Department of Anesthesiology and Pain Medicine, Chung-Ang University Hospital, Seoul, Korea. paindoctor@paran.com
Abstract

BACKGROUND: Nucleoplasty is a minimally invasive spinal surgery using a Coblation(R) technique that creates small voids within the disc. The purpose of this study was to evaluate the efficacy of cervical nucleoplasty in patients with cervical disc disorder. METHODS: Between March 2008 and December 2009, 22 patients with cervical disc disorders were treated with cervical nucleoplasty after failed conservative treatment. All procedures were performed under local anesthesia, and fluoroscopic guidance and voids were created in the disc with the Perc(TM) DC Spine Wand(TM). Clinical outcomes were evaluated by the Modified Macnab criteria and VAS score at preprocedure, postprocedure 1 month, and 6 months.

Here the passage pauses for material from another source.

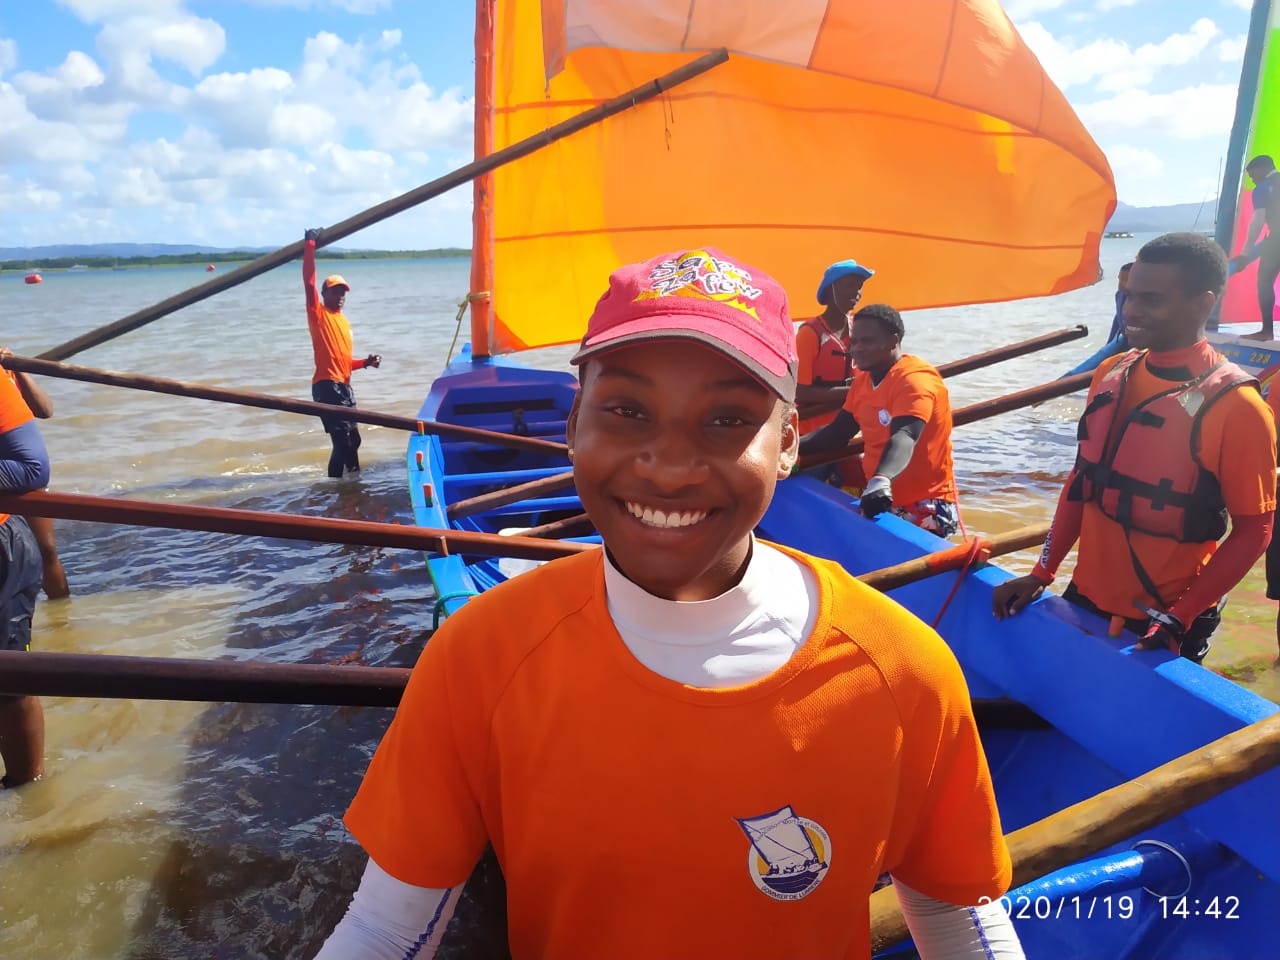     Portrait du jour : passionnée d'activité nautique, Maïlys Soleil est mise à l'honneur

RESULTS: Six patients had one, eight patients had two and eight patients had three discs treated; a total of 46 procedures was performed. Mean VAS reduced from 9.3 at preprocedure to 3.7 at postprocedure 1 month and to 3.4 at postprocedure 6 months. There was no significant complication related to the procedure within the first month. Outcomes were good or excellent in 17/22 (77.3%) cases. Postprocedure magnetic resonance imaging was acquired in two patients after two months showing morphologic evidence of volume reduction of protruded disc material in one patient but not in the other. CONCLUSIONS: Percutaneous decompression with a nucleoplasty using a Coblation(R) technique in the treatment of cervical disc disorder is a safe, minimally-invasive and less uncomfortable procedure, with an excellent short-term clinical outcome.